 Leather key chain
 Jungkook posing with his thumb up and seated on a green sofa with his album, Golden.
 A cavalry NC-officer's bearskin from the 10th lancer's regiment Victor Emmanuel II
+++
*TASK OBJECTIVE*: Copy every line above without changes.

*TASK RESULT*:
 Leather key chain
 Jungkook posing with his thumb up and seated on a green sofa with his album, Golden.
 A cavalry NC-officer's bearskin from the 10th lancer's regiment Victor Emmanuel II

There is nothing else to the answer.